Travis Glenn and his wife Tammi (photo) are renting the space from DBAA co-owner Ryan Clarke and will manage the food side of the micro-brewery, which is called “Omnivorous.” Travis has been a general manager of various restaurants in his 30 years in and out of the business, including eight years at the Dark Horse Brewing Company in Marshall, MI.

Travis has been with DBAA since the day it opened, working as a bartender, but when the original kitchen manager backed out, he applied to take over.

That’s good news for the pub, which has weathered Covid-19, and the lack of a kitchen, from the day it opened. Travis says you could just see the money floating out the door as patrons stopped by for a beer on their way to dinner somewhere else. “It’s been a huge loss,” he says. “People pop their heads in and ask if we have food.
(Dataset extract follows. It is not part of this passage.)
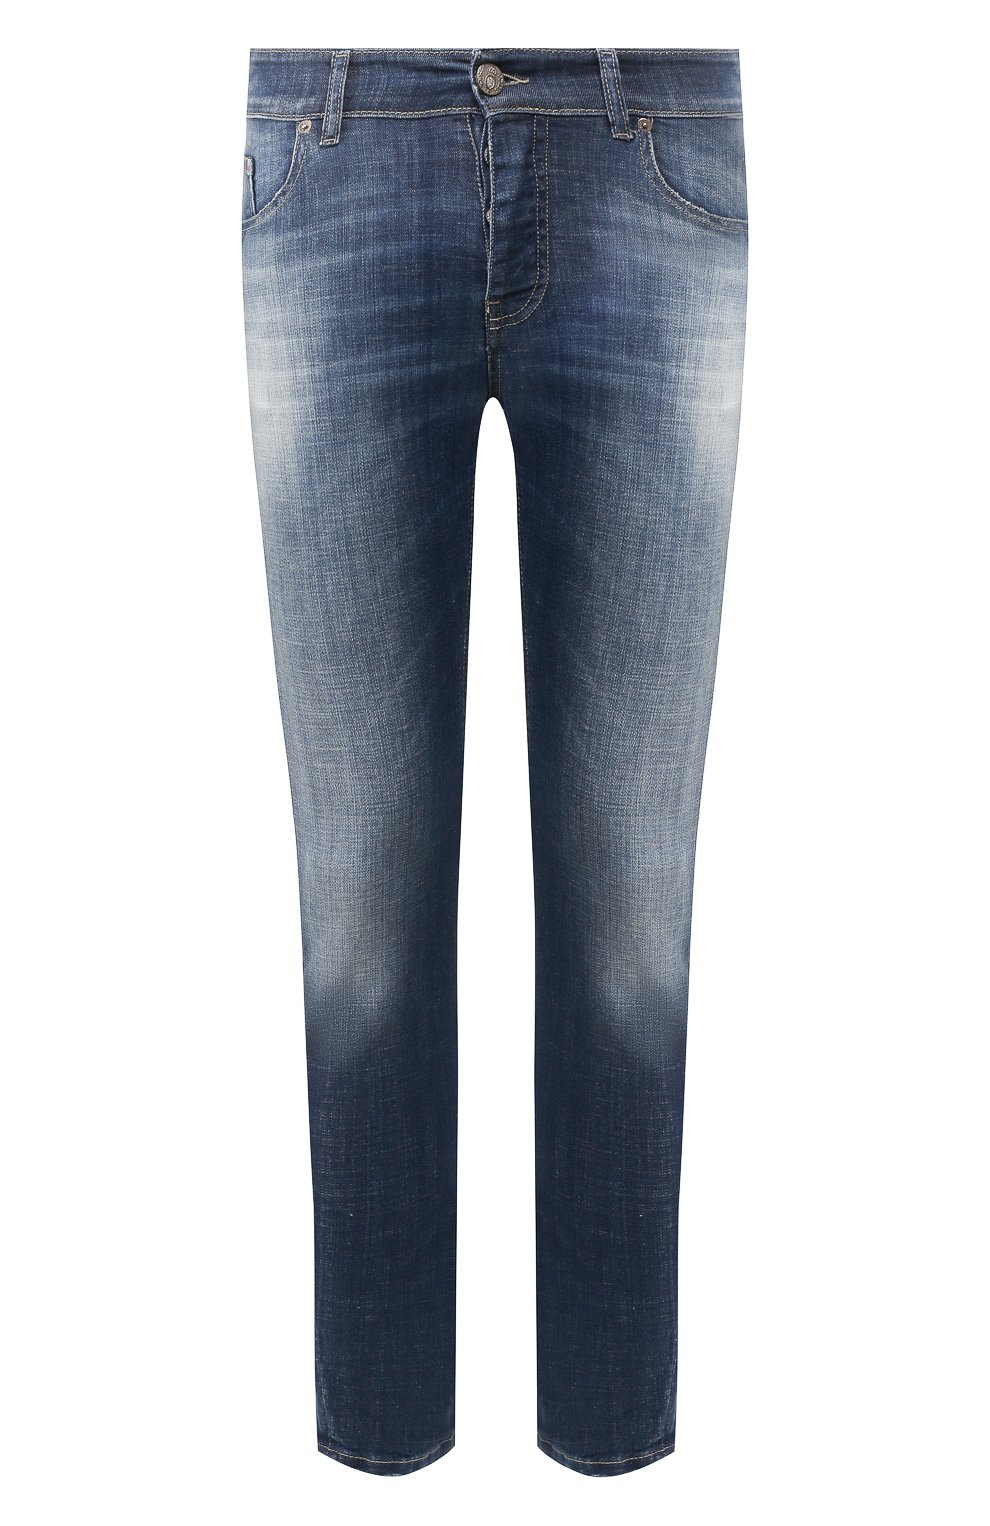 Мужские джинсы PREMIUM MOOD DENIM SUPERIOR синего цвета, арт. S20 0352740020E/BARRET | Фото 1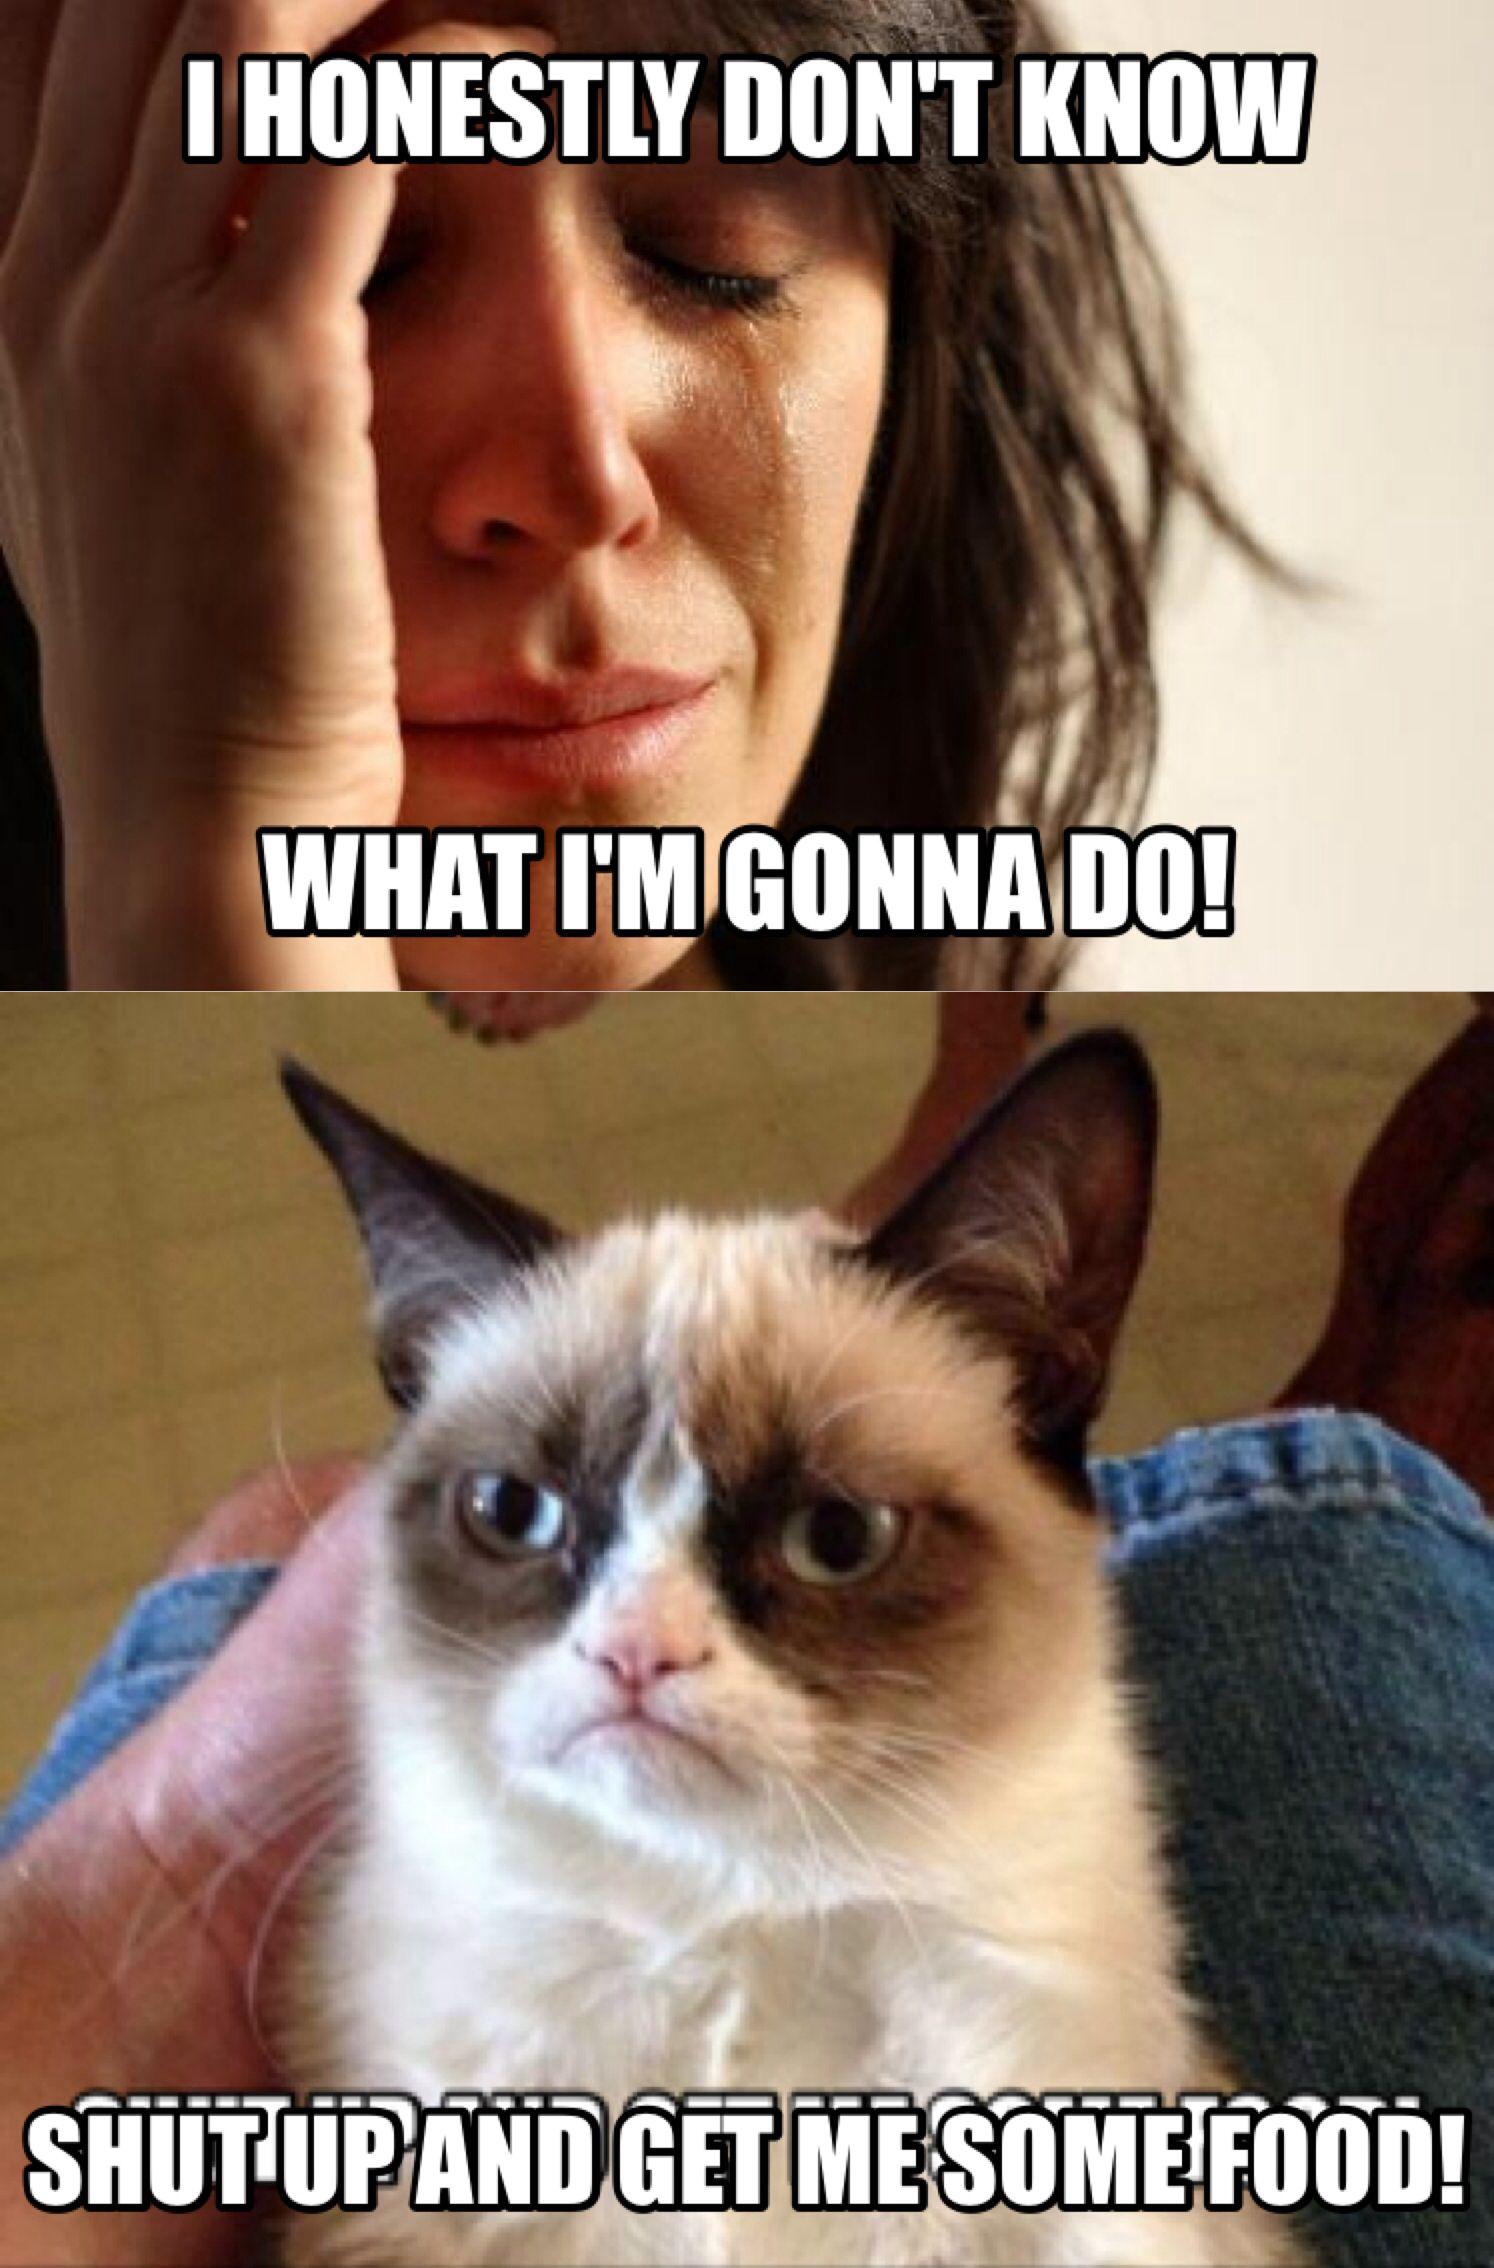 Grumpy cat   Grumpy cat quotes, Grumpy cat, Cuddly animals

I feel like I’ve turned away 30-35 people a day. It happens all the time.”

The menu at Omnivorous features wings, burgers and “good, honest, straightforward bar-type food” with some personal touches, like amazing Brussels sprouts. Everything is made from scratch, his brisket is smoked in-house, the burgers are smash-style and one of Travis’s goals is to have the best chicken wings in the area, with some unique sauces.

One of his fryers is dedicated to only vegan and gluten-free options, like French fries and those delicious Brussels sprouts.

DBAA has other plans as well. There’s a new brewer, Robert Hunt, who used to work at Tampa Beer Works, in charge of the beers. Ryan says they will continue to produce the wide variety of pilsener, IPA, Hazy and Sour beverages, including a soon-to-be released Grove Gold Florida pilsener, named after Grove developer Mark Gold.

Ryan also had added video and board games to the selection of entertainment, and is already hosting events like yoga, where an hour of Sunday yoga is followed by a beer. The first yoga class was held last month, drawing 23 people. And, while Omnivorous isn’t currently open on Sundays, adding brunch on the weekends also is being considered.

Ryan also would like to put together a Father’s Day beer festival.

“The (Covid) delays have definitely created challenges,” Ryan says. “We’re still very excited about the things coming to The Grove, like the container park, and the new apartments across the street, and looking forward to what this can be.”